_Required action_
Please retype the listing below exactly as it stands, skipping any pictures.

_Collected material_
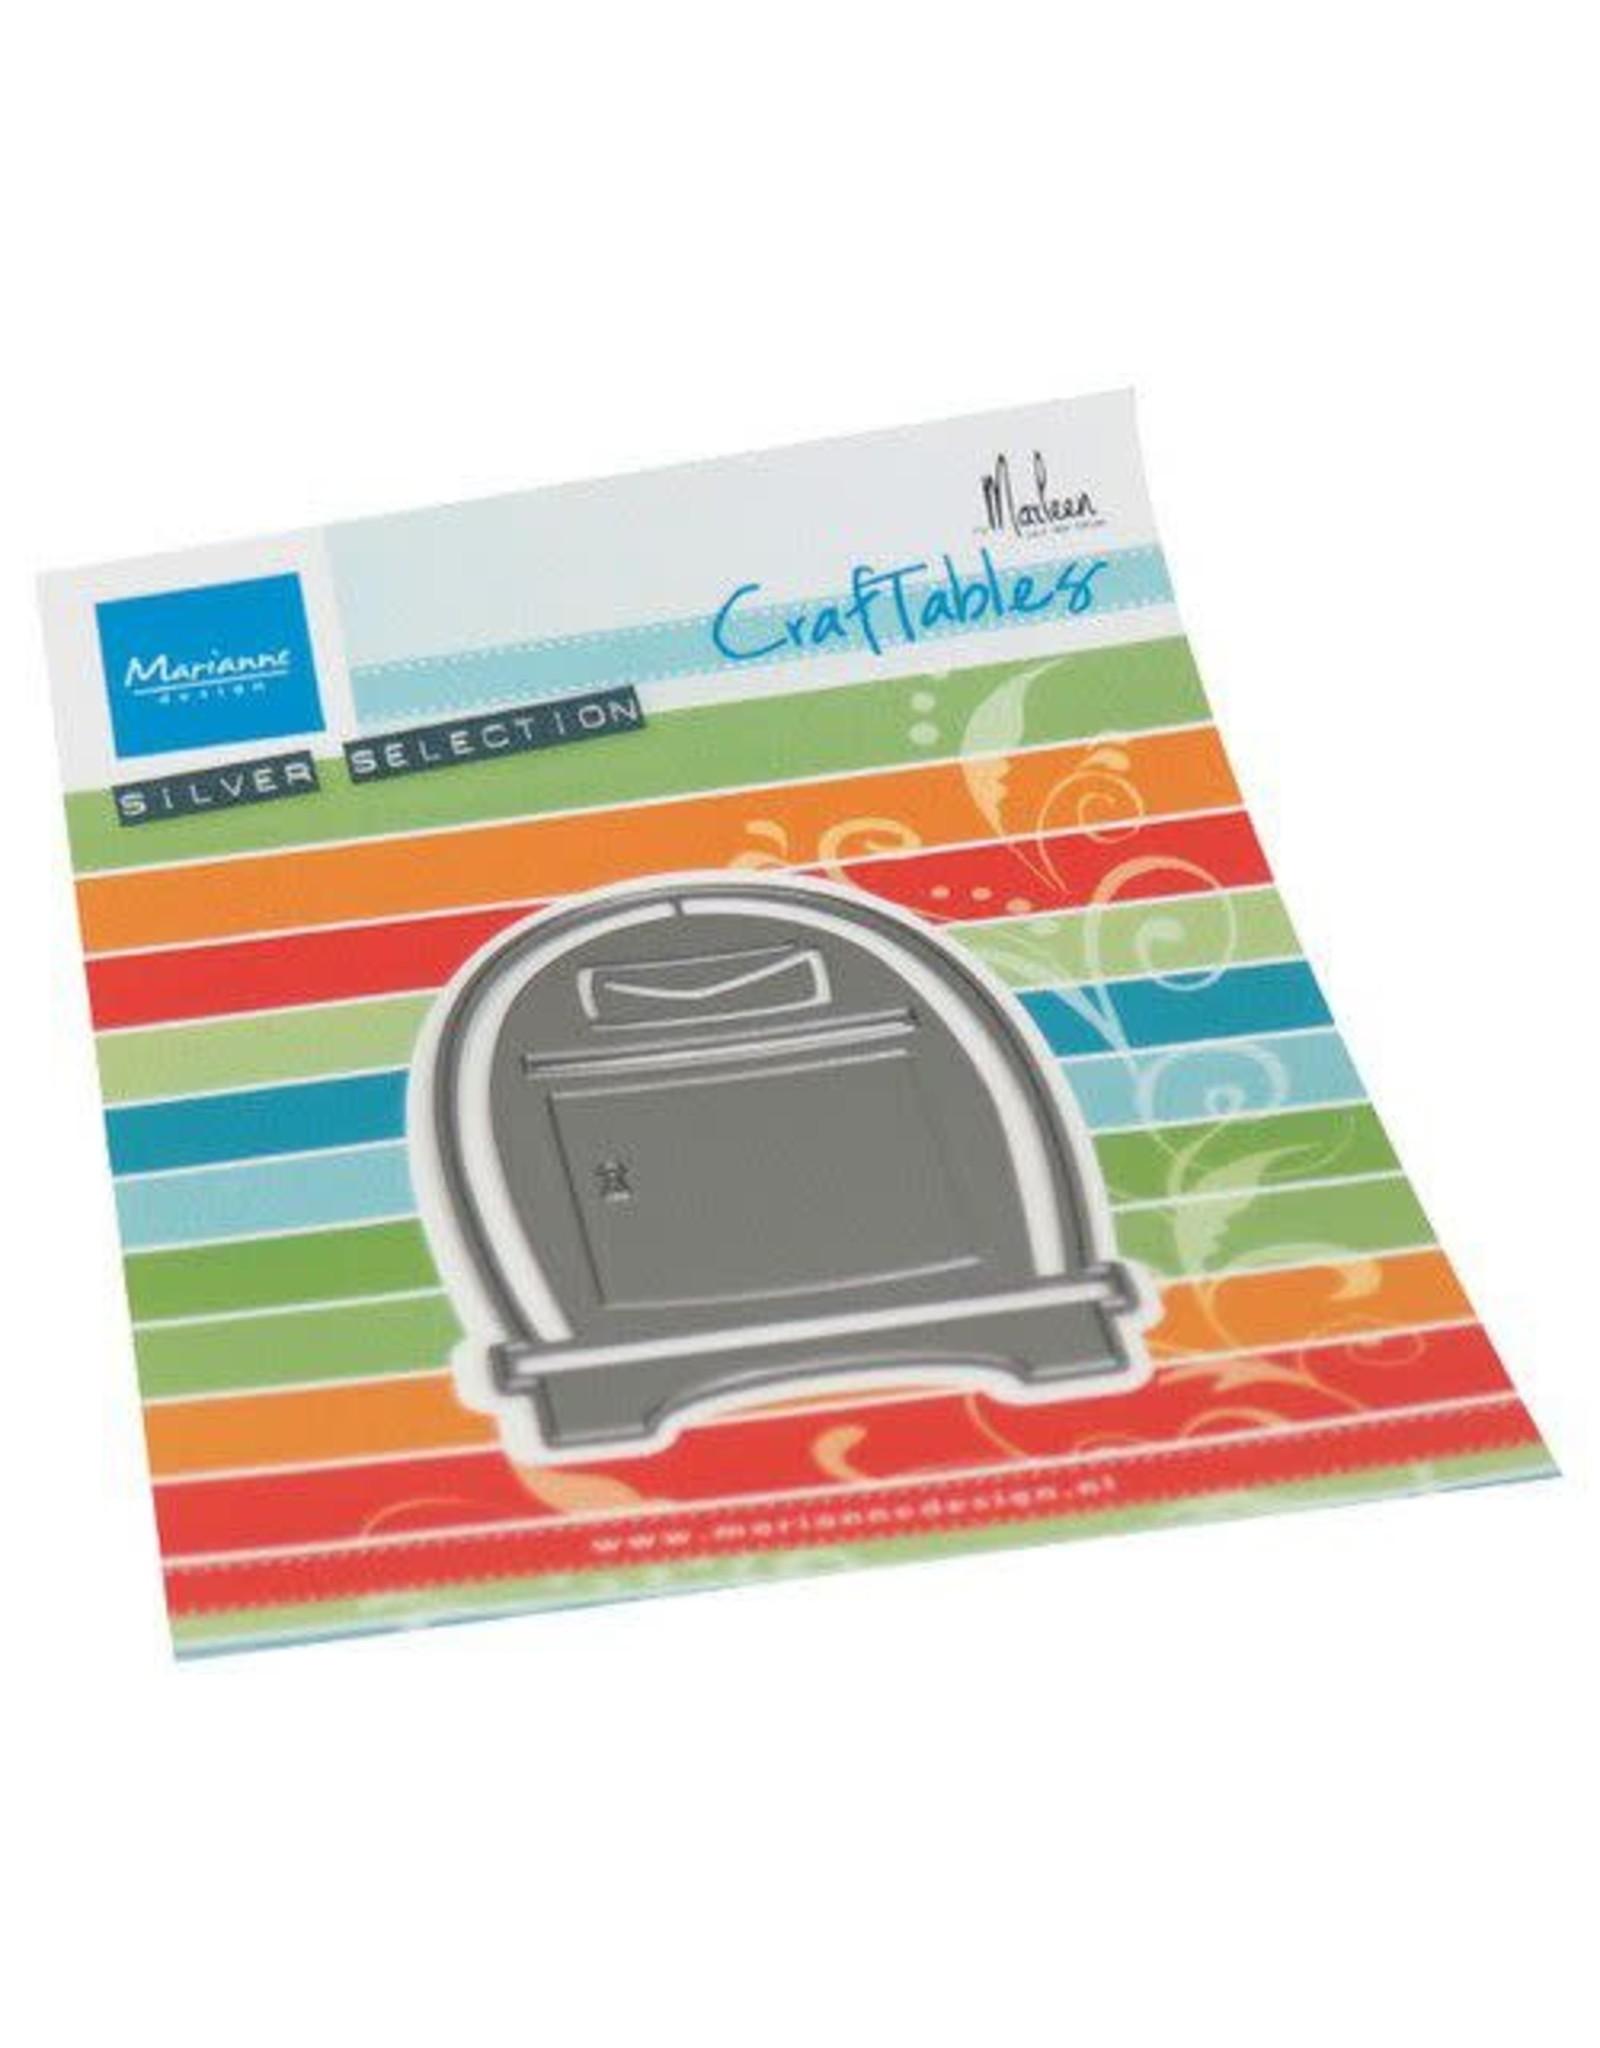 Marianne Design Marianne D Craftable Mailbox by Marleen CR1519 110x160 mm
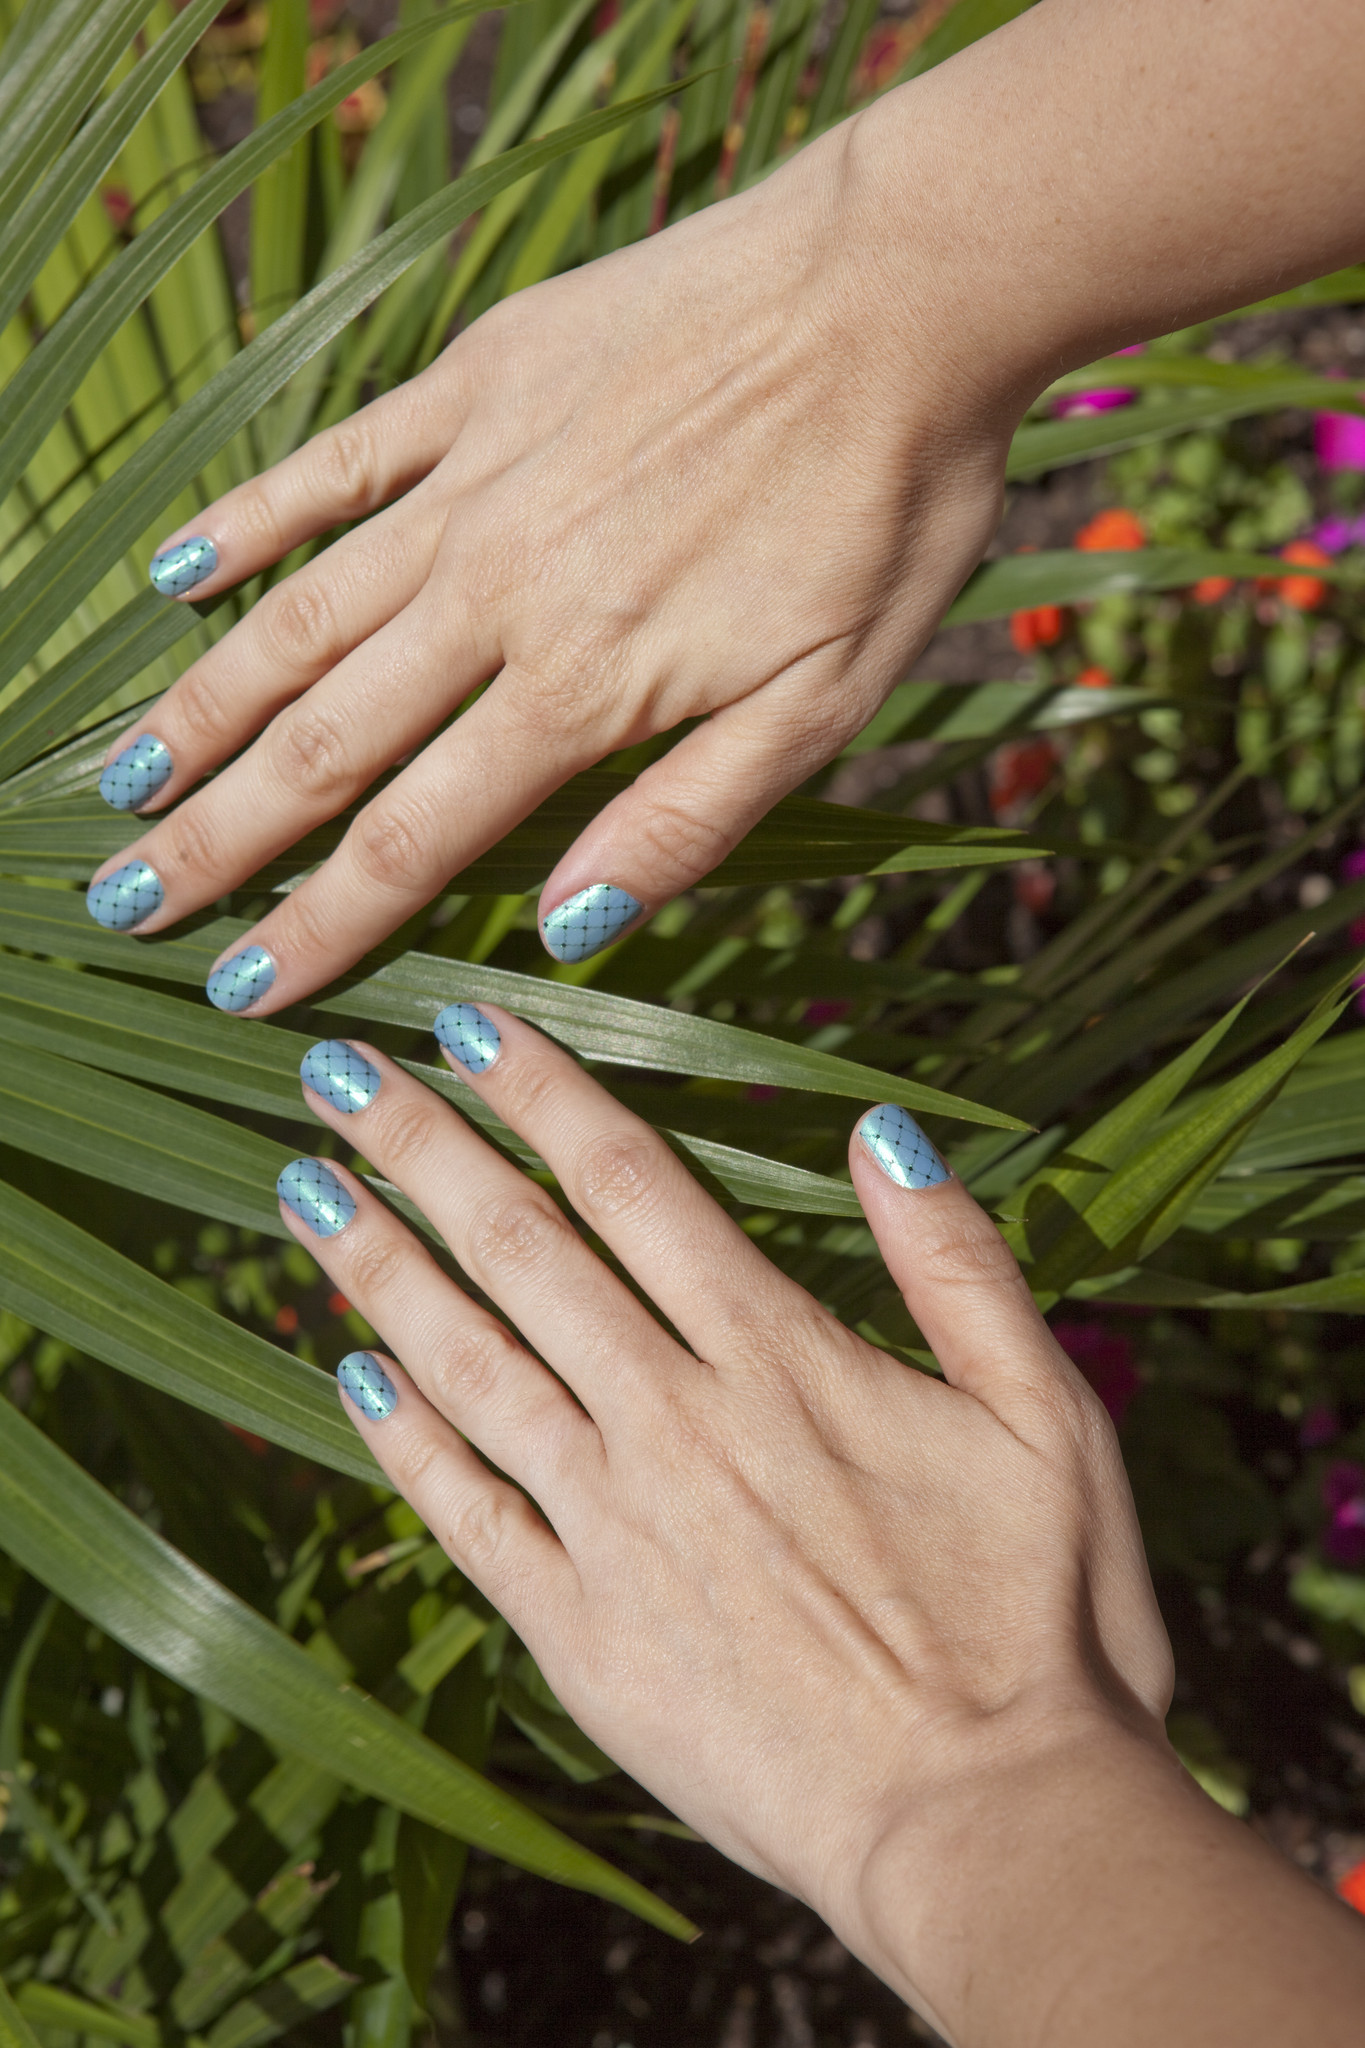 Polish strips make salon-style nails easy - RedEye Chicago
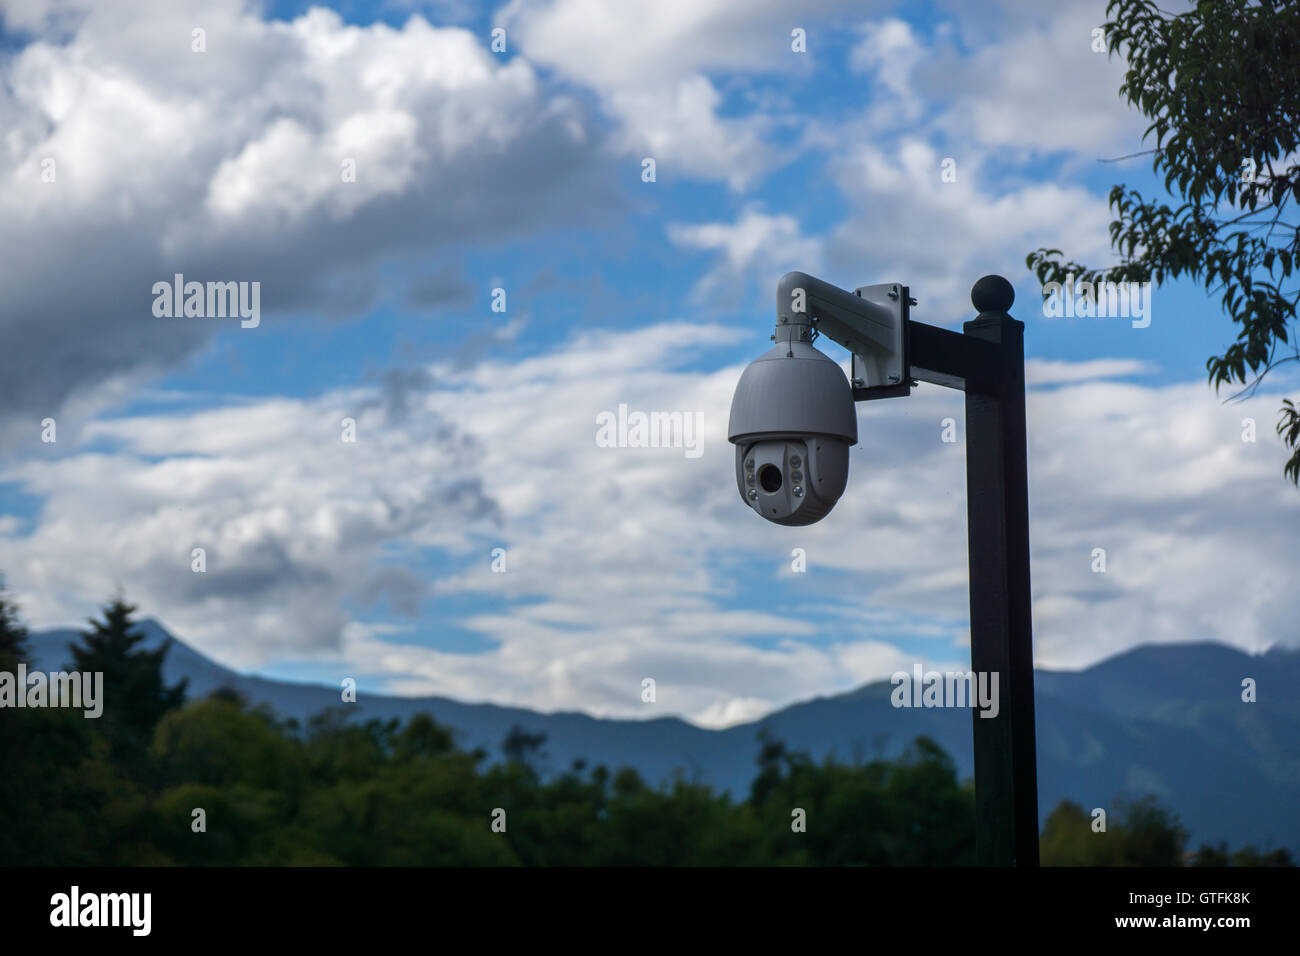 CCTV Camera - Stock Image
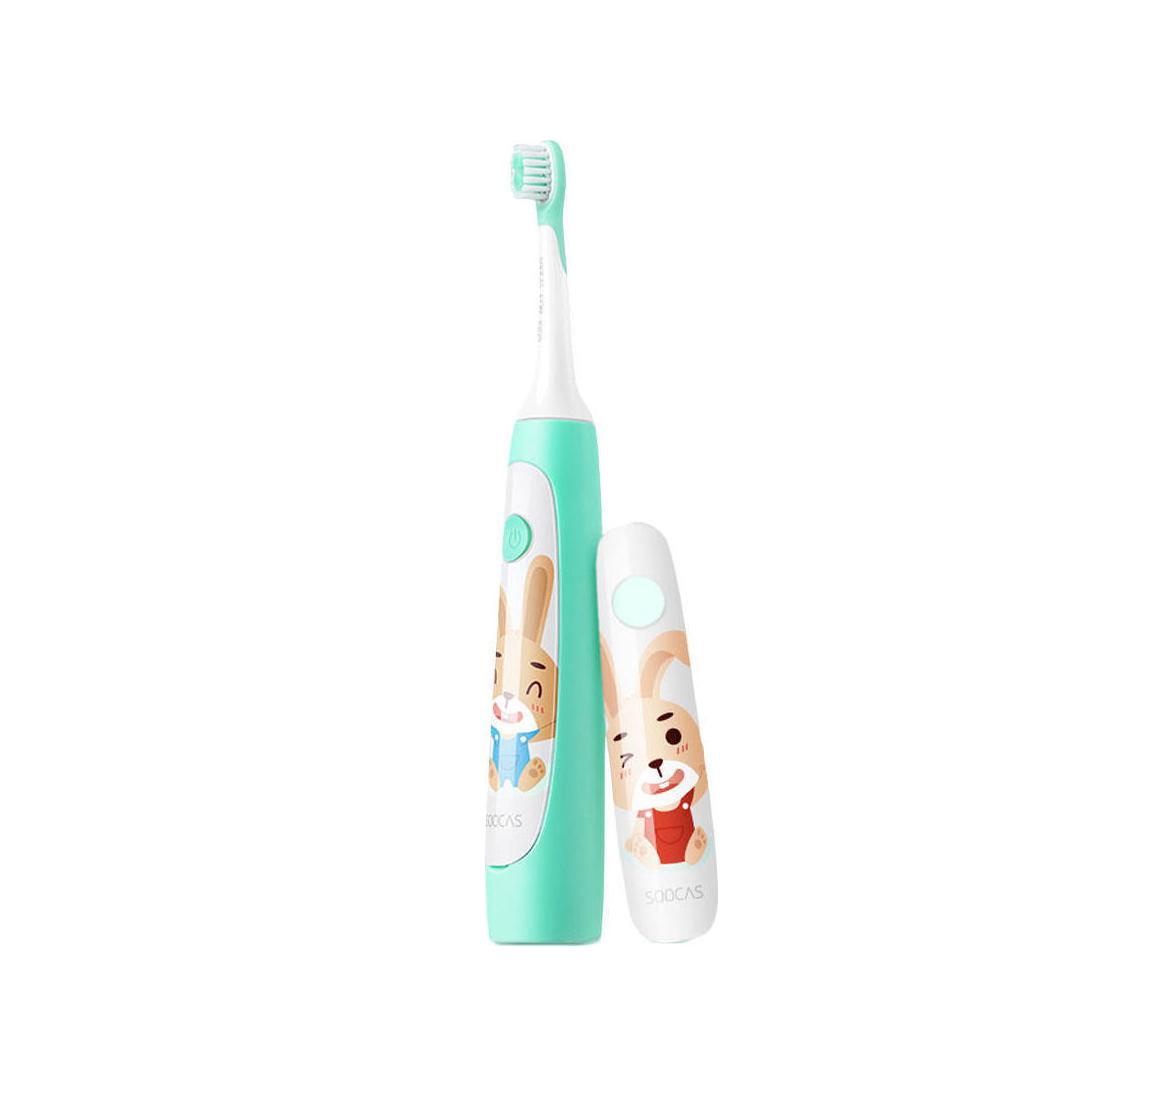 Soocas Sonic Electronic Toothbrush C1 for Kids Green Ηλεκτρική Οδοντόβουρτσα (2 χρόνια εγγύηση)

_Expected answer_
 Marianne Design Marianne D Craftable Mailbox by Marleen CR1519 110x160 mm
 Polish strips make salon-style nails easy - RedEye Chicago
 CCTV Camera - Stock Image
 Soocas Sonic Electronic Toothbrush C1 for Kids Green Ηλεκτρική Οδοντόβουρτσα (2 χρόνια εγγύηση)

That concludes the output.